**What to produce:** Starting at the line below that contains "HhGold Männer Wanderschuhe" and ending at the line that contains "Darkglass Microtubes 500 500W Bass Amp Head", retype each line exactly as it stands, but omit the pictures.

**Data in this exercise:**
---
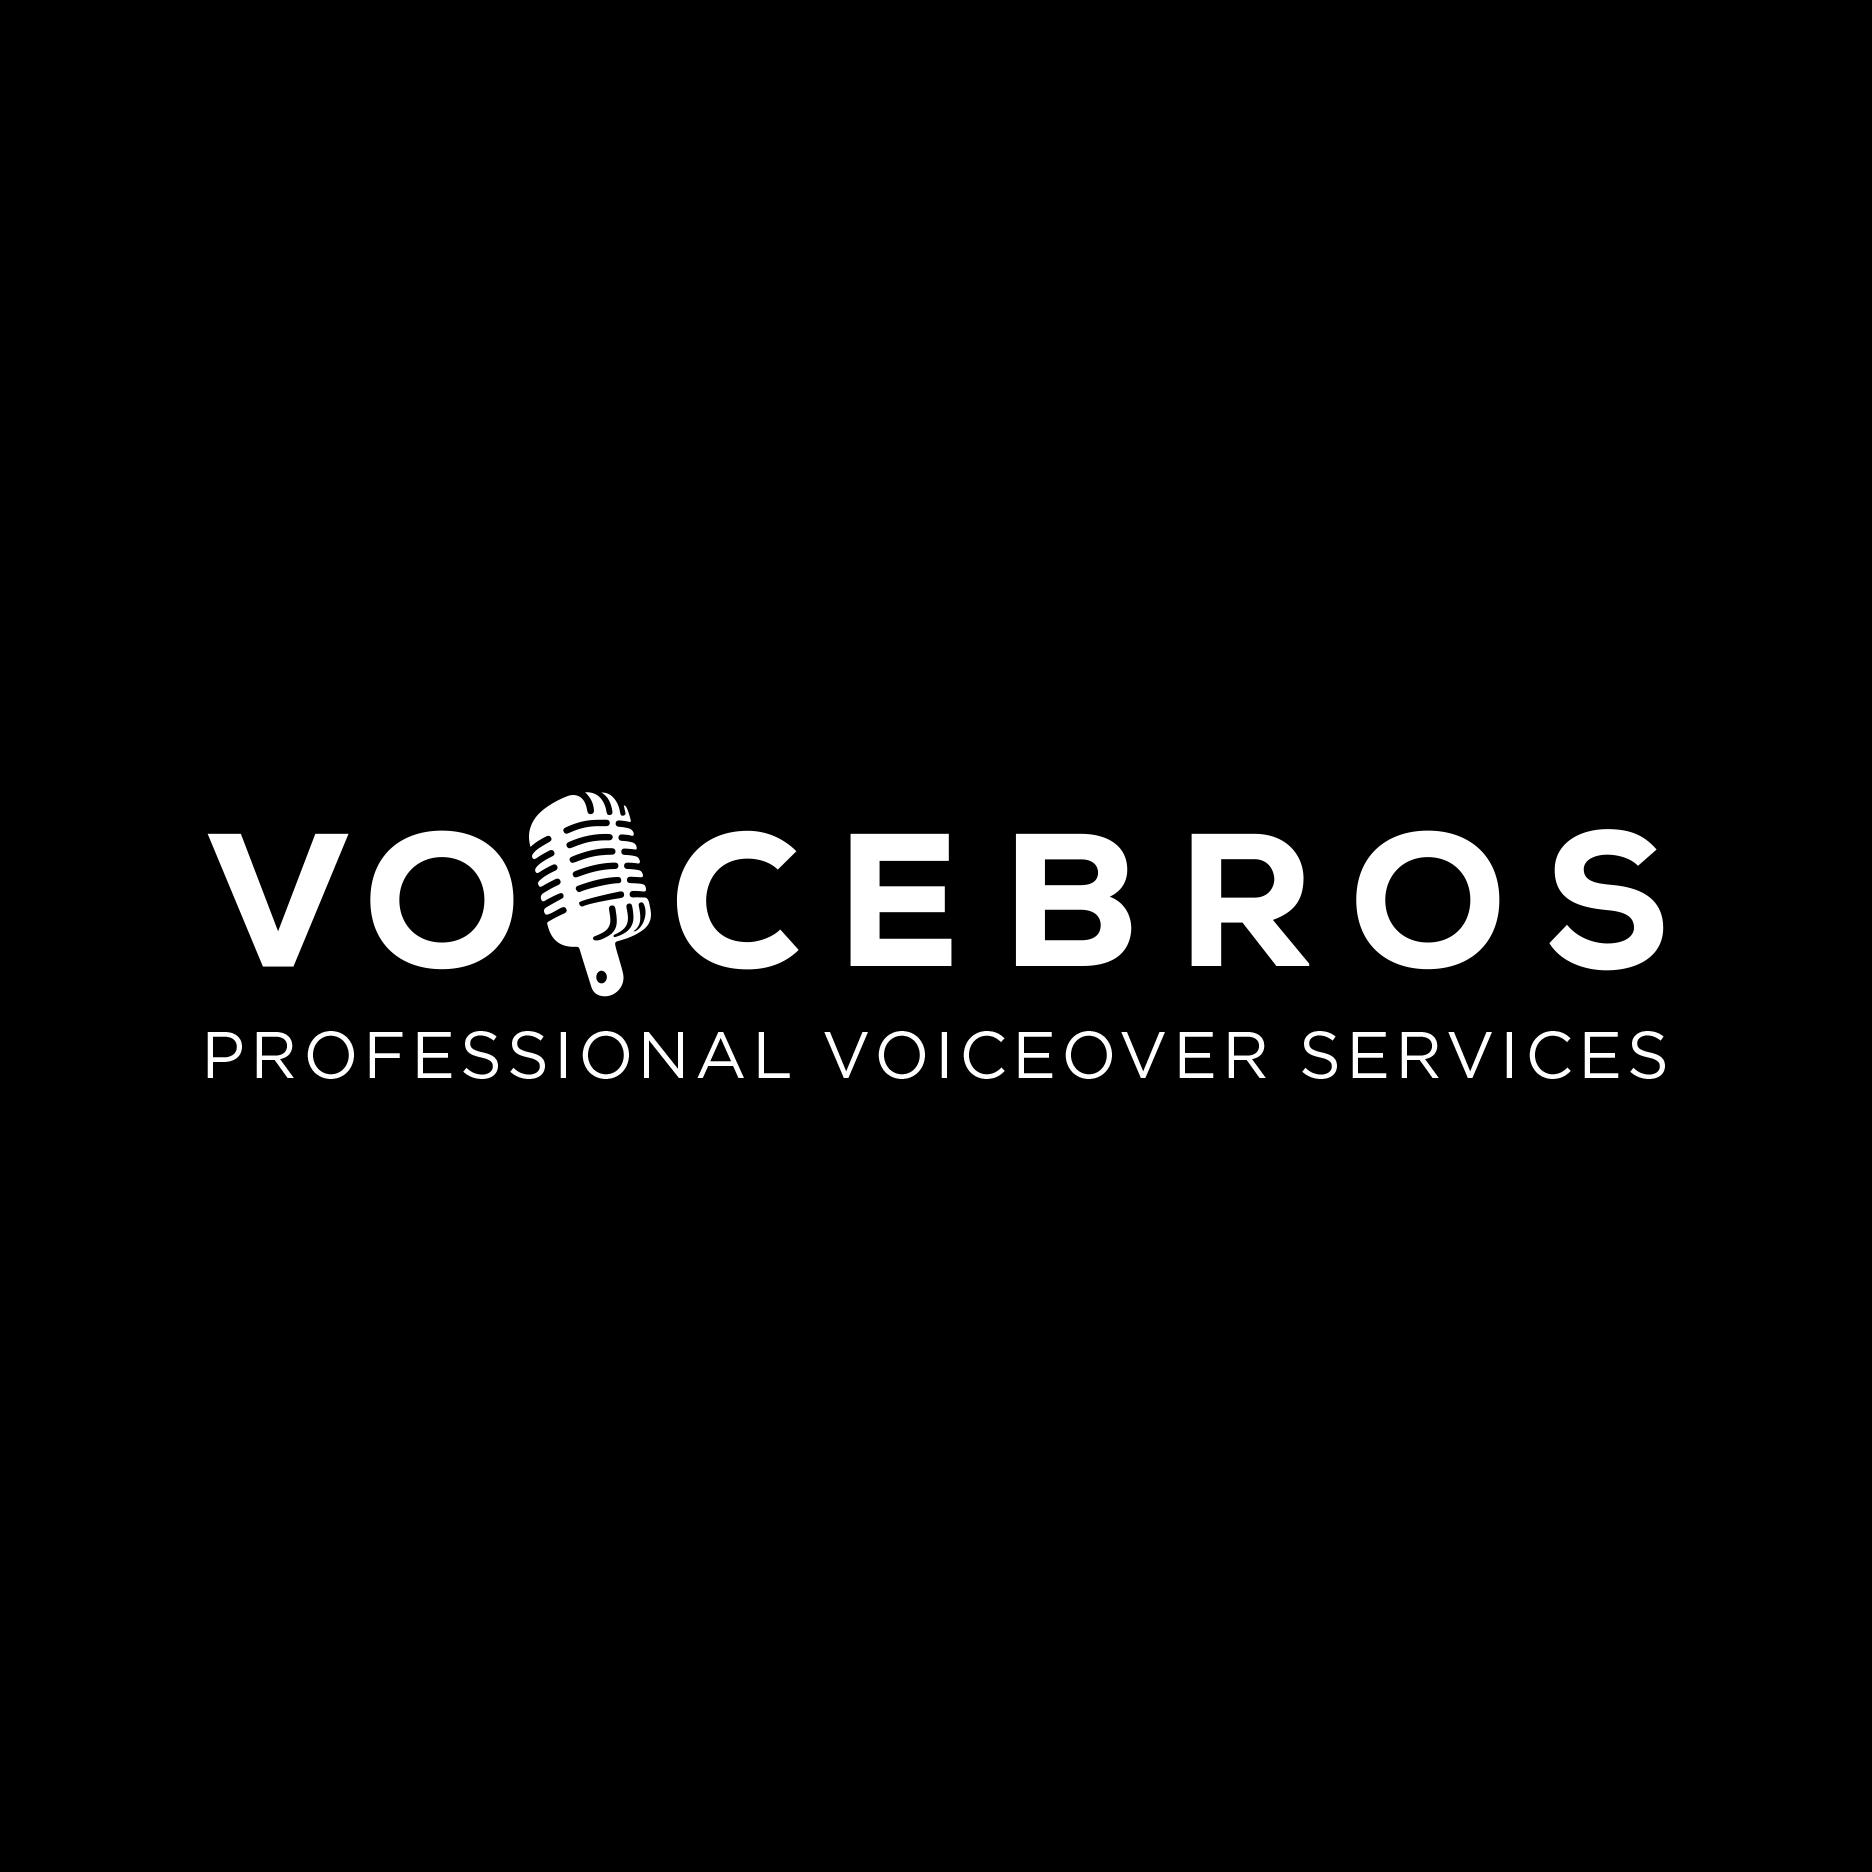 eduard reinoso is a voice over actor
---
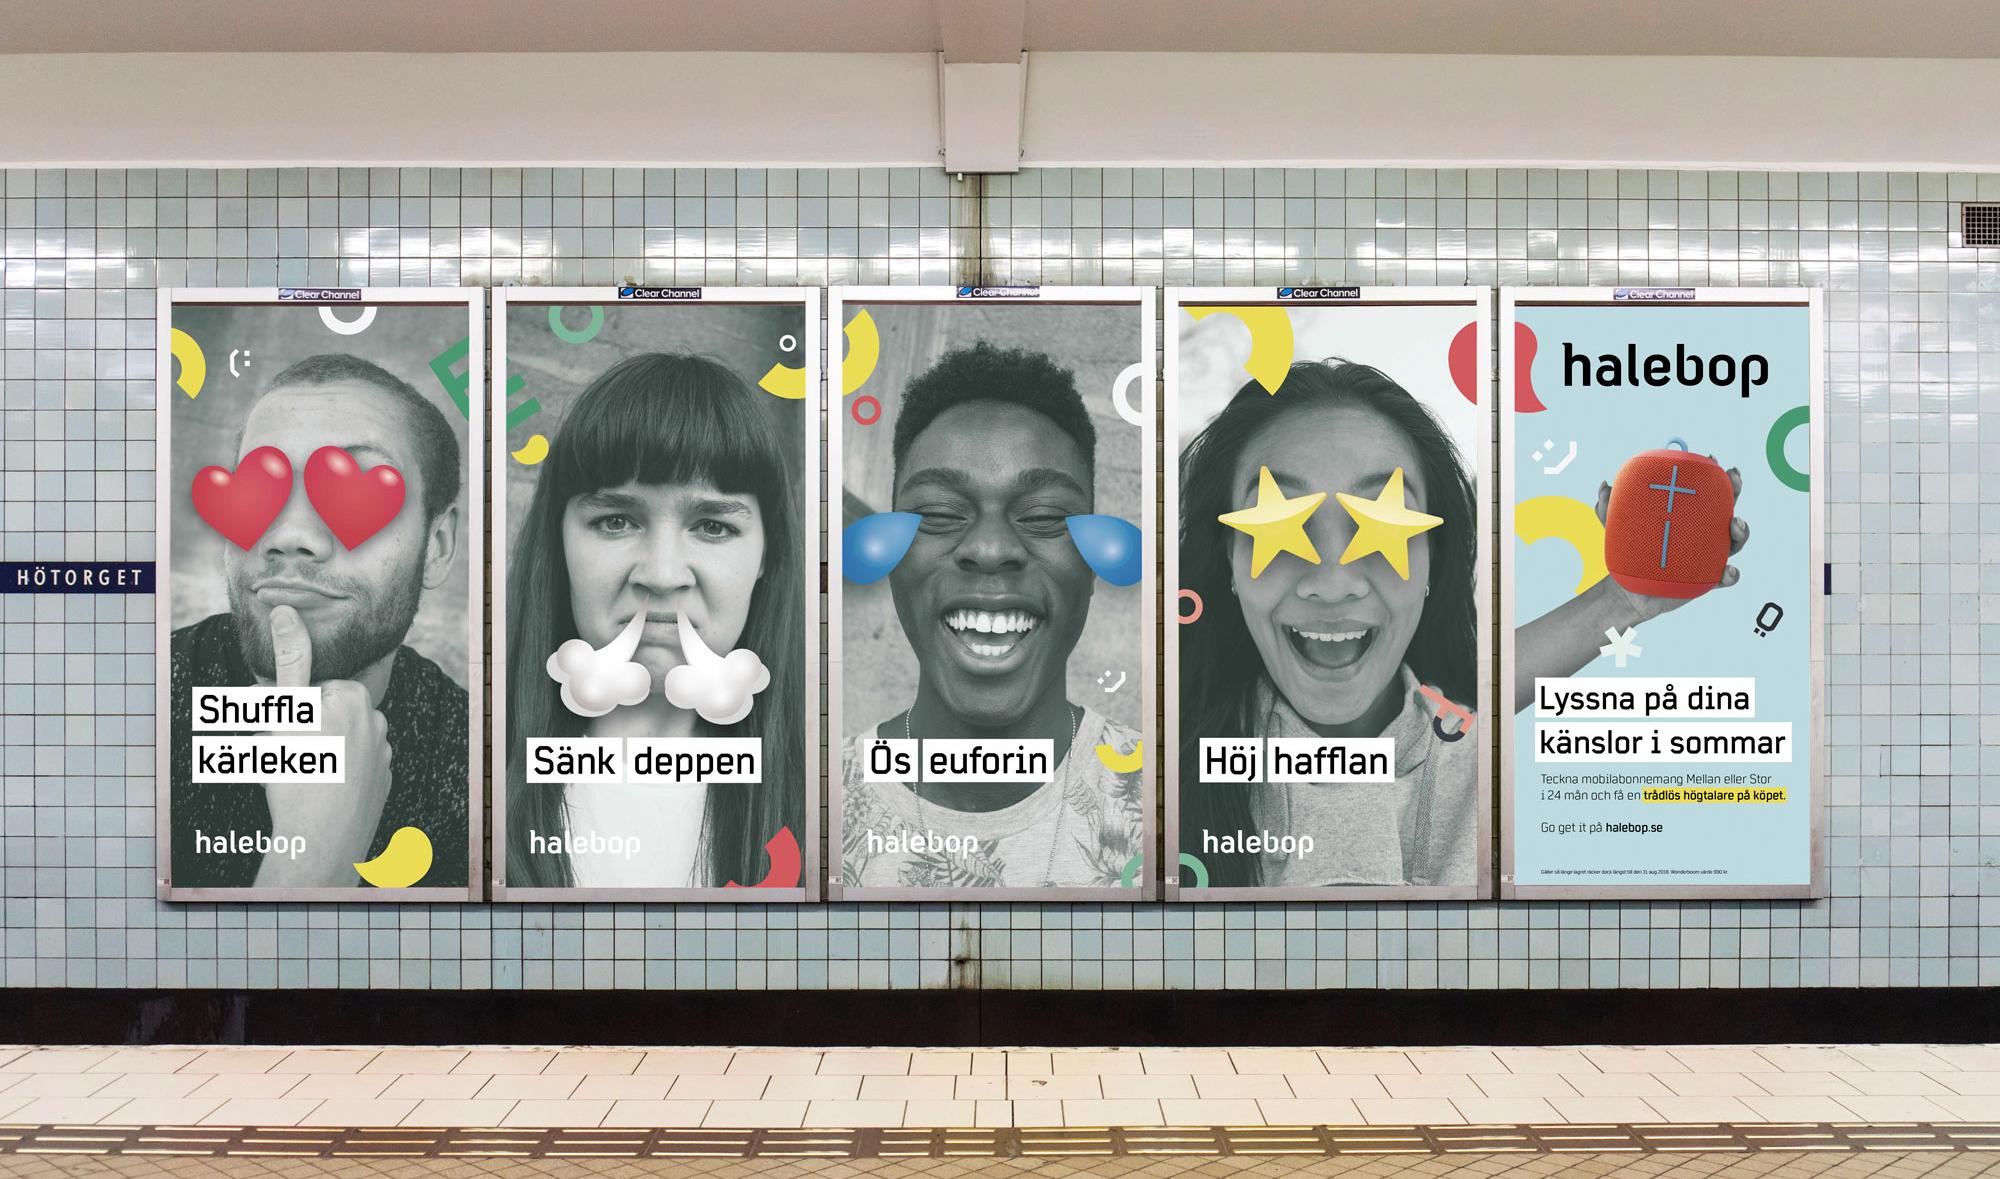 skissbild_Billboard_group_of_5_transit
---
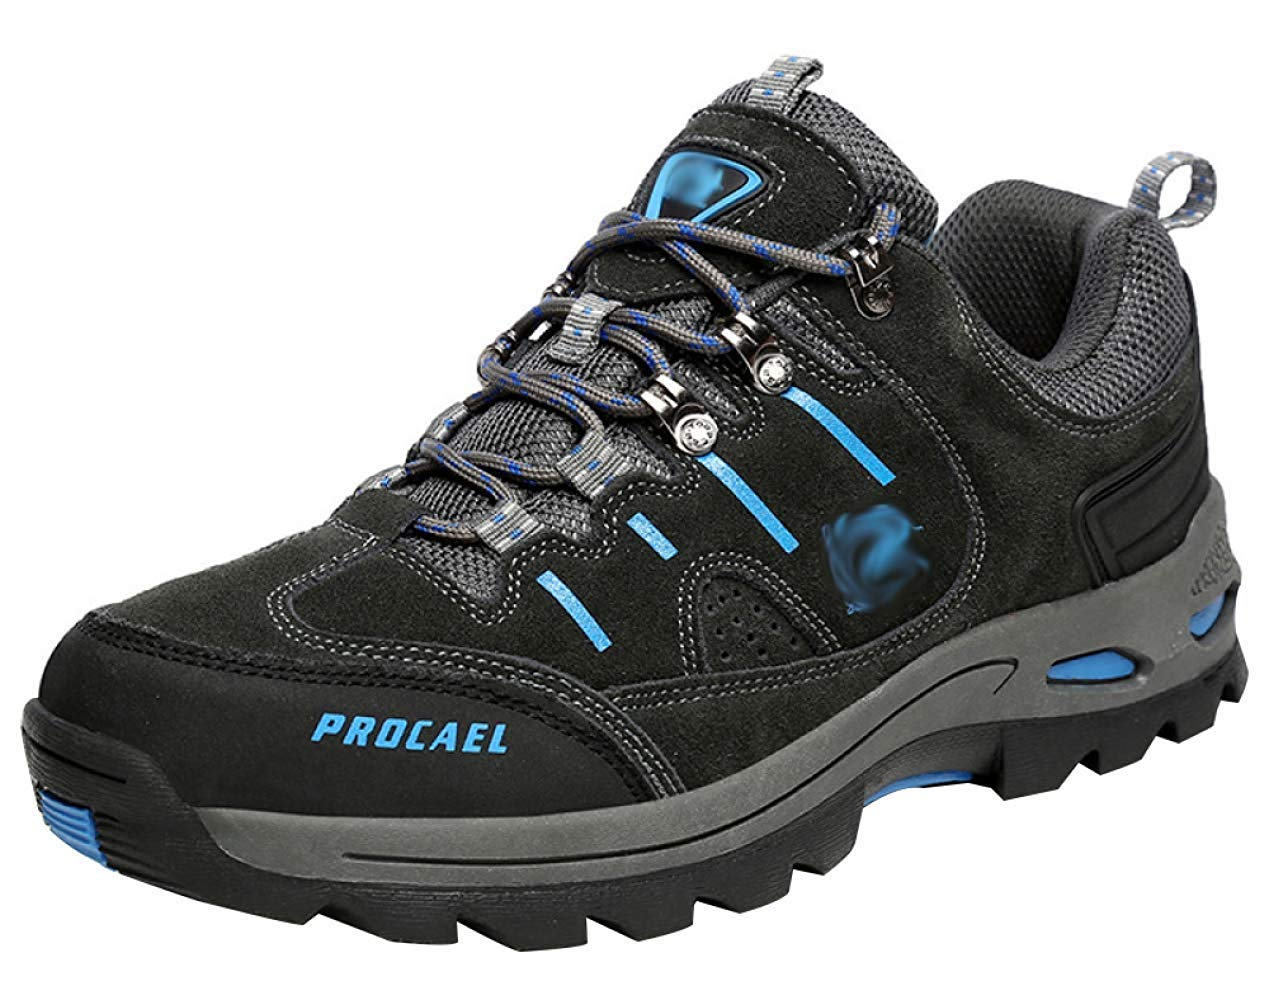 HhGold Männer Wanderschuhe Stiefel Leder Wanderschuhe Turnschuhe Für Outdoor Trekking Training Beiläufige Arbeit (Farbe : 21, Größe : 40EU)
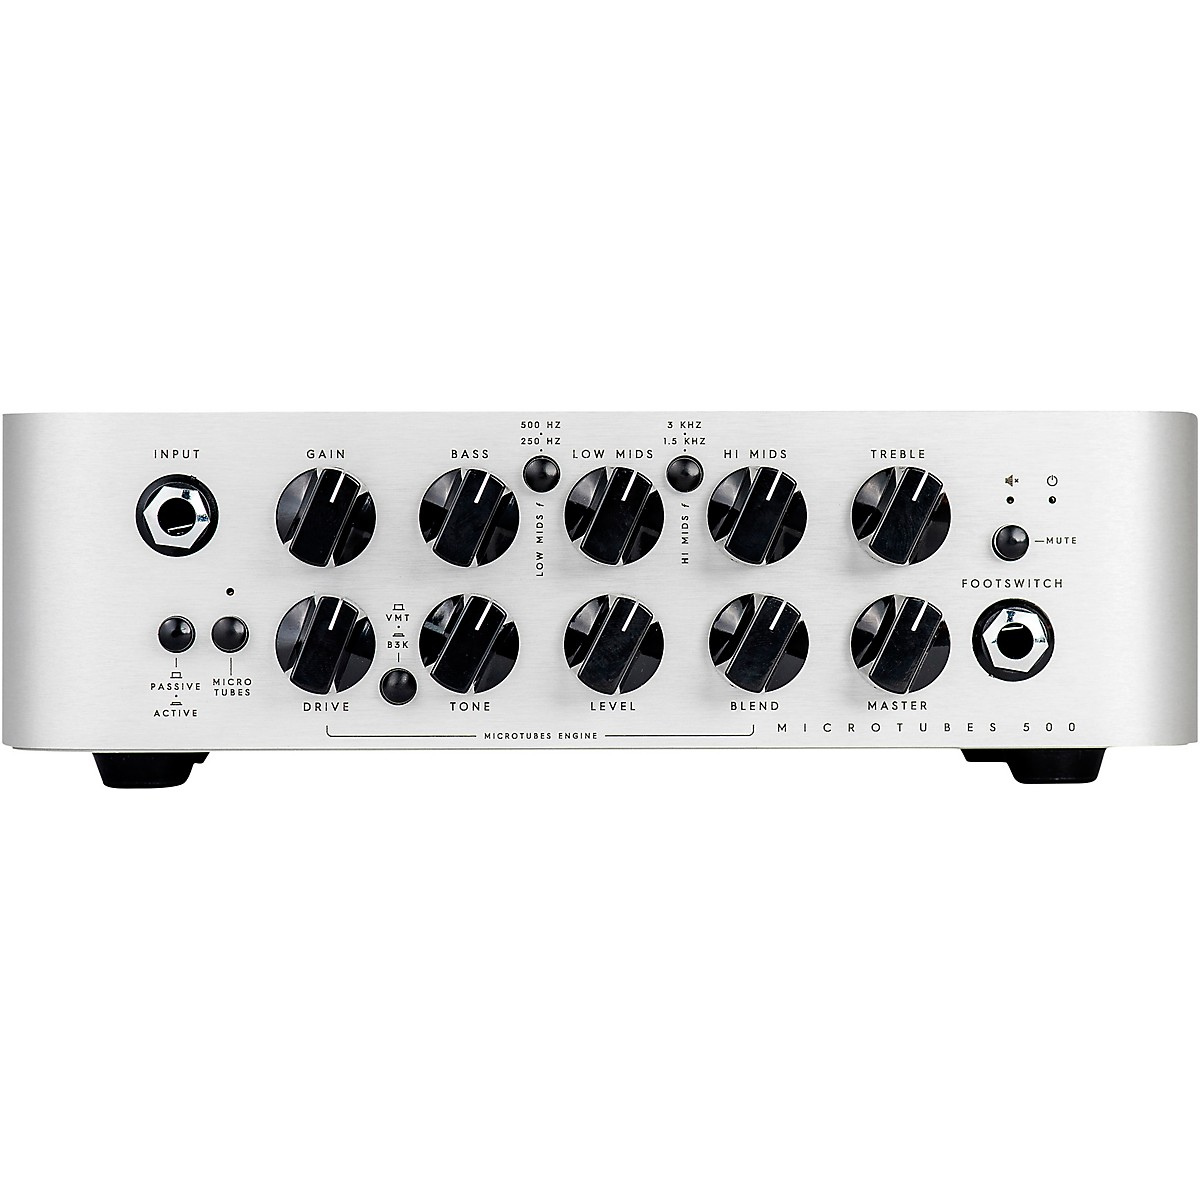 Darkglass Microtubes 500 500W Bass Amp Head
---
**Exercise response:**
 HhGold Männer Wanderschuhe Stiefel Leder Wanderschuhe Turnschuhe Für Outdoor Trekking Training Beiläufige Arbeit (Farbe : 21, Größe : 40EU)
 Darkglass Microtubes 500 500W Bass Amp Head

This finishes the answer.